CROWN ASSET MANAGEMENT, LLC v. LESLIE KING
What's This Case About?
Let’s cut right to the chase: a woman owes $1,651.56 — less than you’d get back on a tax refund if you fudged your dependents — and now a law firm has fired off a legal missile to collect it. That’s right, folks, we’ve officially reached the point where someone’s hiring attorneys, printing court petitions, and clogging up the Tulsa County docket over a debt that wouldn’t even cover the deductible on a fender bender. This isn’t Law & Order: SVU, it’s Law & Order: That Time You Forgot to Pay Your Credit Card Bill.
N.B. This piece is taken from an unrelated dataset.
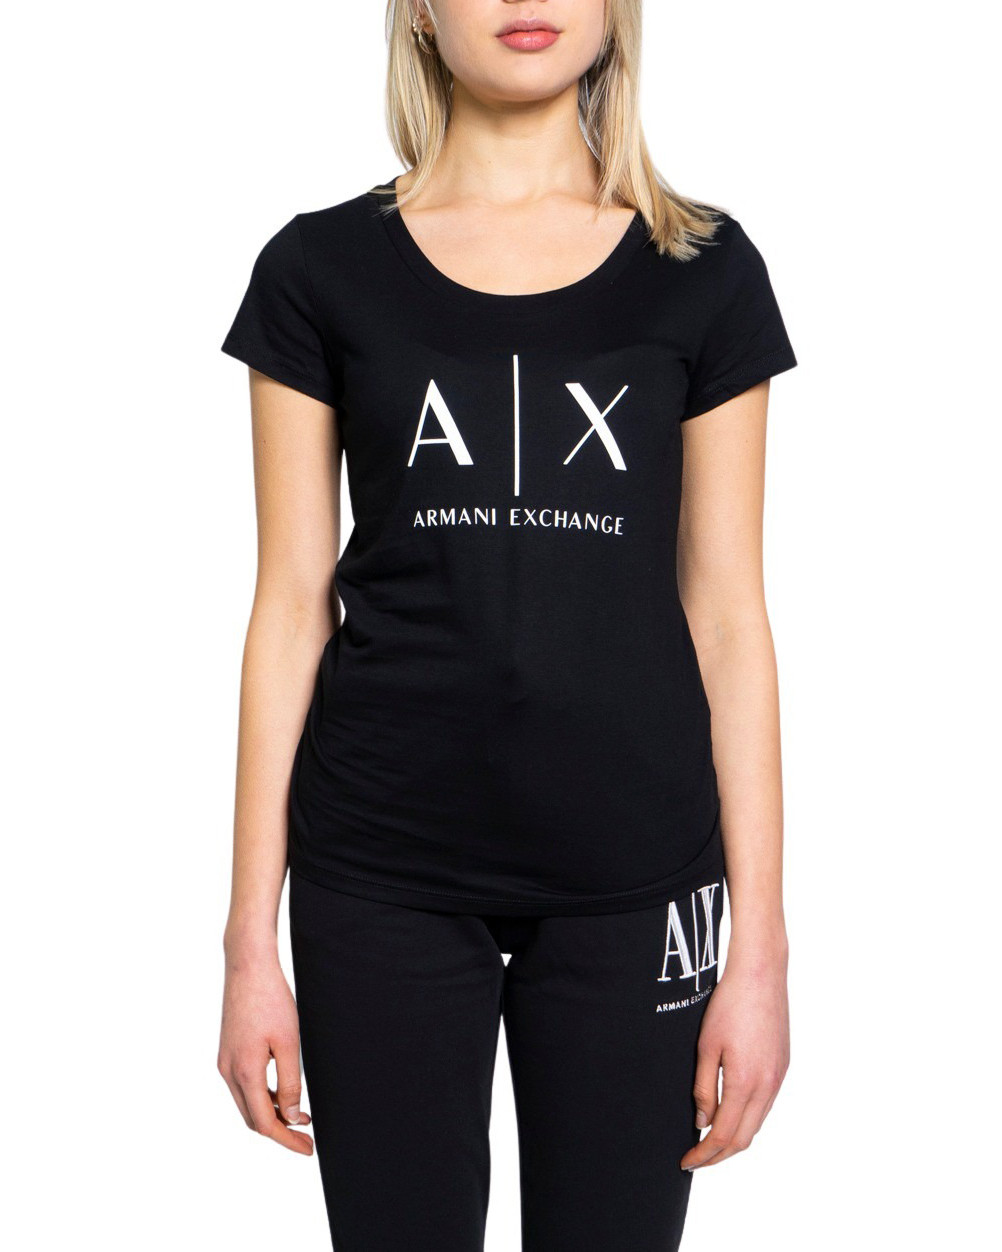 Marchio Armani Exchange Genere Donna Tipologia T-shirt Stagione Primavera/E…

Meet the players. On one side, we’ve got Crown Asset Management, LLC — not a person, not a superhero, but a debt collection company that buys up defaulted accounts like they’re clearance bin electronics at a Best Buy liquidation sale. They don’t care about your sob story, your job loss, or the fact that your dog ate your mail. They care about balance sheets and judgments. Representing them? The legal pit bulls at Love, Beal & Nixon, P.C., a firm whose name sounds like a 1950s detective duo but is, in fact, very real and very ready to sue you over coffee money. On the other side of this high-stakes drama: Leslie King. One person. One name. One credit card. One very avoidable trip to small claims court (well, technically District Court, but let’s not split hairs when the stakes are this low).
So how did we get here? It starts, as so many modern tragedies do, with a credit card. Specifically, an account issued by FinWise Bank — a name that sounds like a startup founded by a guy named Chad who wears socks with sandals and quotes The Secret. At some point, Leslie King was approved for credit on account number ending in 6301. Whether she used it for groceries, gas, or a spontaneous Amazon splurge on a self-stirring mug remains unknown. What is known is that she stopped paying. The payments dried up. The balance grew. The account went into default — a fancy way of saying “you didn’t pay, and now we’re mad.”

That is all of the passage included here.